These columns are more than 99.9% similar.

In [14]:
X_dtype = X_train_encoded.select_dtypes(include=['bool']).reset_index(drop=True)

var_thr = VarianceThreshold(threshold=0.001)  # Removing both constant and quasi-constant
var_thr.fit(X_dtype)

concol = [column for column in X_dtype.columns
          if column not in X_dtype.columns[var_thr.get_support()]]


del var_thr, X_dtype

if "Weather Type" in concol:
    concol.remove("Weather Type")

print(f"DROPPING BOOL: ", concol)
X_train_encoded.drop(concol, axis=1, inplace=True)
X_test_encoded.drop(concol, axis=1, inplace=True)
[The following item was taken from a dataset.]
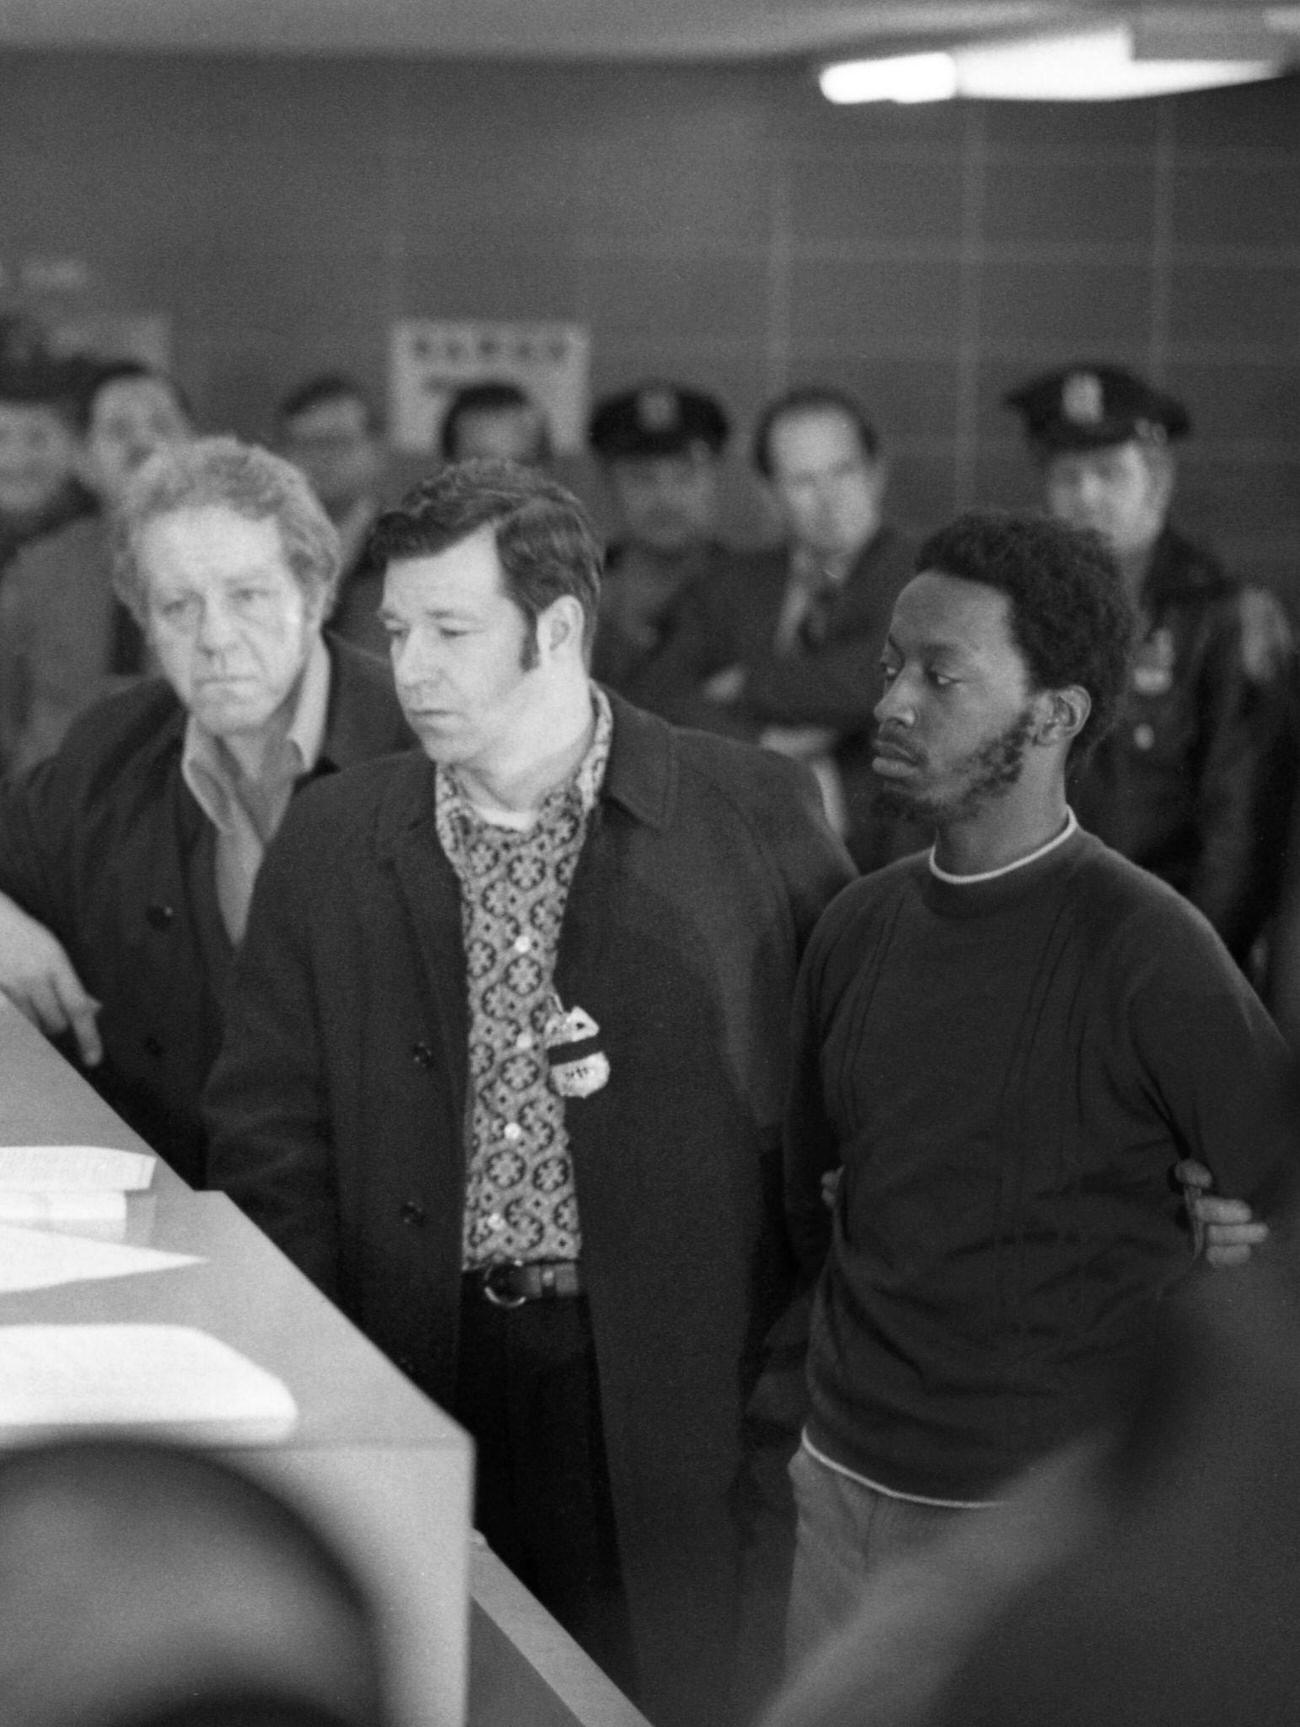 Salih Ali Abdullah Booked For Murder And Robbery In Brooklyn Hostage Siege, 1973

DROPPING BOOL:  ['HOLIDAYN_ash|val', 'HOLIDAYN_chv|pas', 'HOLIDAYN_cmd|han', 'HOLIDAYN_col|suk', 'HOLIDAYN_hal|nvd', 'HOLIDAYN_njc|vet', 'MKeventN_dah|emm', 'HSeventN_wdwsotf', "HSFIREN_disney's hollywood studios special july 4th fireworks presentation", "HSFIREN_new year's eve fireworks", 'Wind Speed Quality_a', 'Wind Speed Quality_p', 'Wind Speed Quality_passed gross limits check if element is present', 'Cloud Quality Code_erroneous, data originate from an ncei data source', 'Cloud Determination Code_statistically derived', 'Visibiliy Quality Code_p', 'Visibility Variability Code_variable', 'Temperature Quality Code_suspect, data originate from an ncei data source']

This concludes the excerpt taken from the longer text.